Our results confirmed that an SSI based on additive relationships yields a higher prediction accuracy than the standard additive GBLUP. When a non-additive kernel was used, we found that sparsity improved prediction accuracy, provided that the kernel used was not already a ‘local’ kernel, that is, a kernel in which genetic covariances are positive only for closely related individuals. For local kernels (K₃), adding sparsity did not improve prediction accuracy in a clear and systematic manner. Therefore, our results confirm the benefit of ‘local predictions’ (largely dependent on closely related individuals), which can be obtained either by using an RKHS with local kernels or with an SSI applied to additive genomic relationships.

Both the SSI and the Kernels regression require the optimization of a parameter that controls local predictions. The SSI requires the optimization of the penalization parameter (λ), which can be done by cross-validation within the training data set. On the other hand, the RKHS regression requires the bandwidth parameter, which controls how fast covariances drop with genetic distance, to be tuned. This can be done either by comparing multiple kernels using cross-validation or by using multiple kernels with ‘kernel averaging,’ as discussed in de los Campos et al. (2010).

Standard training-optimization methods assume that a single training set is optimal for all selection candidates. The SSI does not make this assumption. Our results clearly show that each SSI picks a particular set of support points and that the optimal training set varies between lines in the prediction set. The inspection of the Hat matrix of the SSI (see Fig. 4 and Supplementary Fig. S4) makes it clear that in prediction, one-size-does-not-fit-all selection candidates. Likewise, the inspection of the Hat matrix shows that optimizing training sets by restricting the training data to recent generations may also not be optimal. Indeed, most of the SSIs picked information from all the generations available, with varying levels of sparsity. Lopez-Cruz and de los Campos (2021) found that the SSI provided higher gains in accuracy (over the GBLUP) as the number of training subjects increased (keeping marker density and population structure fixed). Their results demonstrated that the SSI can be more advantageous over BLUP models in situations when data exhibits a high degree of heterogeneity and/or is very large. Under these conditions, the SSI has more opportunities to detect an optimal training set providing increased accuracy.

Computational considerations

For a given training and testing set, computing an SSI for n_PS testing genotypes involves solving a penalized problem (in Eq. (3)) n_PS times.

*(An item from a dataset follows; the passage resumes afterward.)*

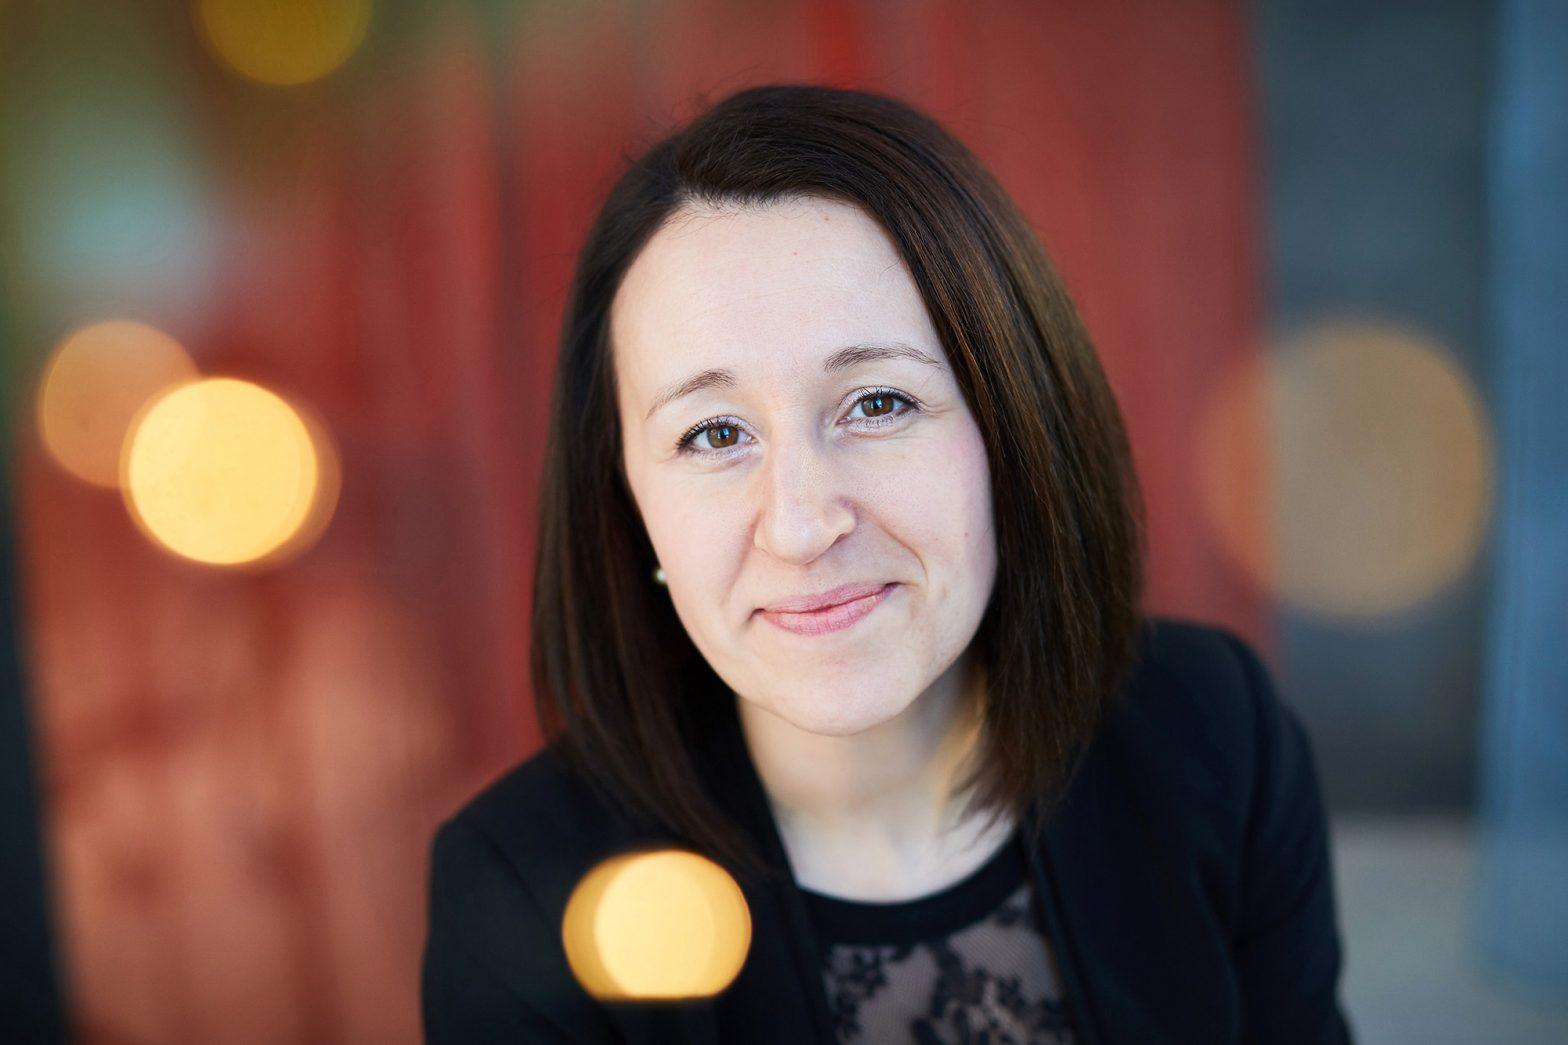 Amra Salihovic
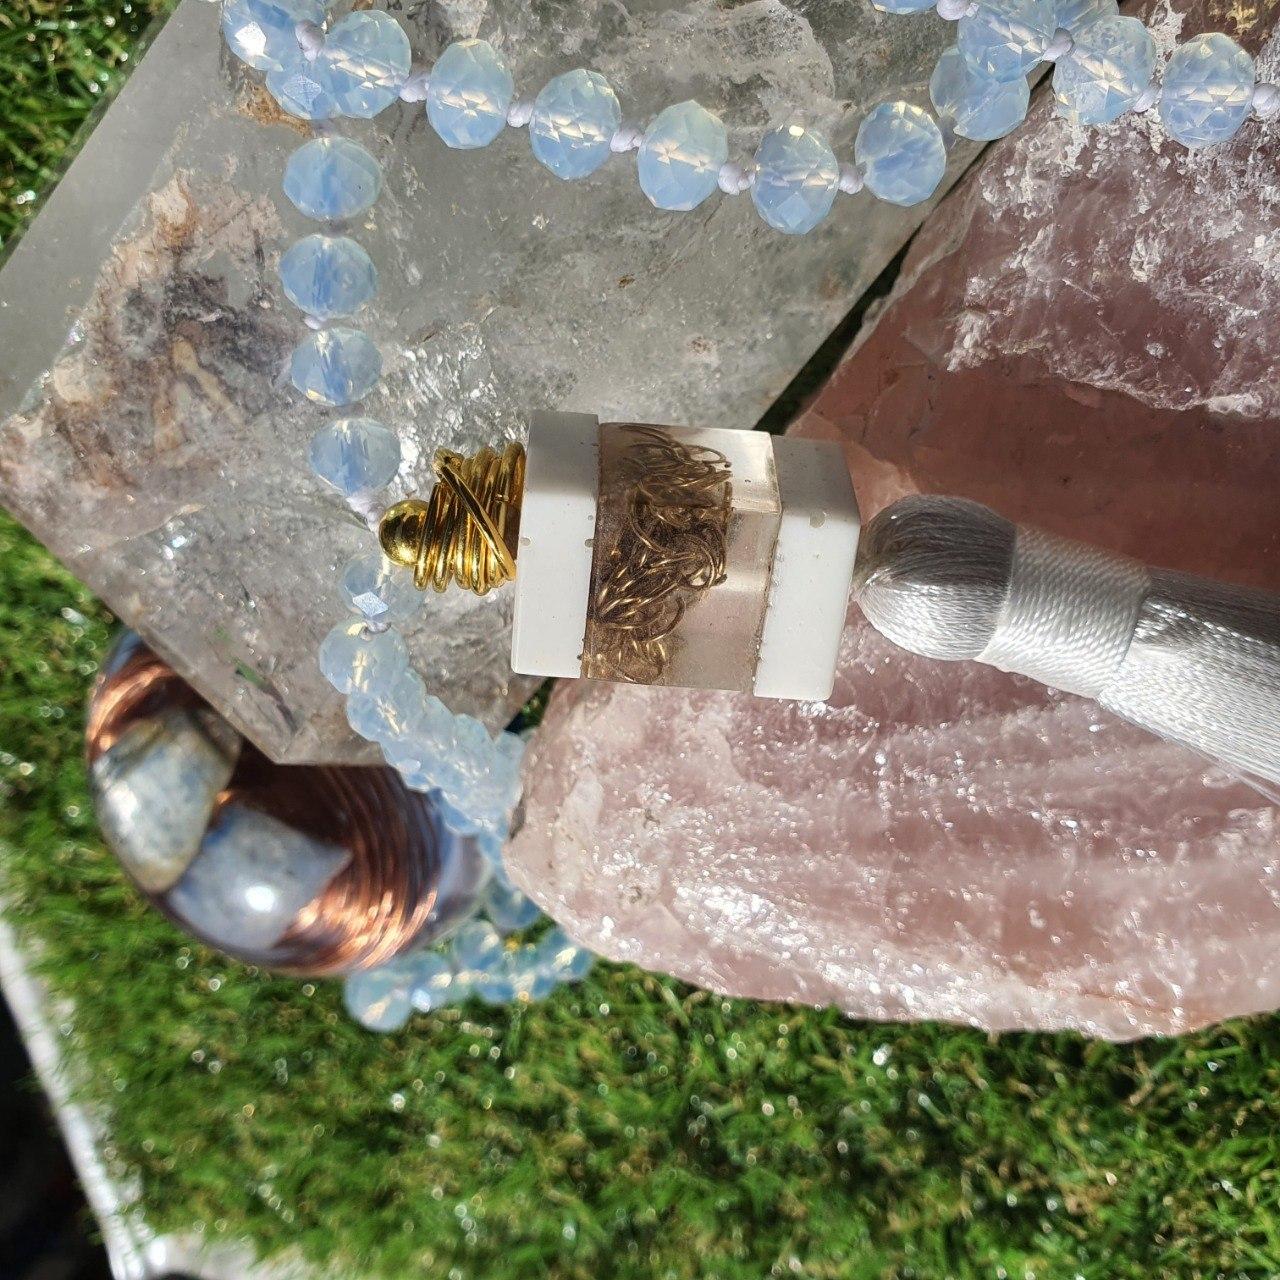 Japamala de Cristal com Orgonite - Branco Neve

This is generally computationally more costly than solving BLUP equations (Eq. (2)) for the same training and testing sets. However, it is worth noting that the task of solving SSIs for n_PS genotypes can be fully parallelized in n_PS independent tasks. The computational cost of solving the SSI for one testing genotype depends on the training size and on the optimal value of the regularization parameter λ (highly sparse indices are very fast to compute). In a Linux-based system with a 2.4 GHz Intel Xeon Gold processor and 32 GB of RAM, solving the penalized problem for a single testing individual using all three previous years plus 15% of 2020 data (n_TS = 3114) as training took on average 0.11 s for the GSSI and 2.01 s for the K_ASSI (see Supplementary Fig. S6). As noted, all these computations can be fully parallelized in a high-performance computing environment. For instance, calculating a GSSI for all the n_PS = 413 testing individuals can take around \(413 \times \frac{{0.11}}{{10}} = 4.5\) seconds with parallel computing using 10 cores, while it can take up to \(413 \times \frac{{2.01}}{{10}} = 83.0\) seconds to compute the K_ASSI. The function ‘SSI’ from the SFSI R-package offers a functionality for multi-core computing.

Conclusion

SSIs can be used to optimize prediction accuracy when the training data exhibit complex relationship patterns. In this context, differences in allele frequencies and in LD patterns may make SNP effects heterogenous across families and sub-families, thus making the standard GBLUP sub-optimal. Both local kernels and SSIs can be used to optimize prediction accuracy in such data sets.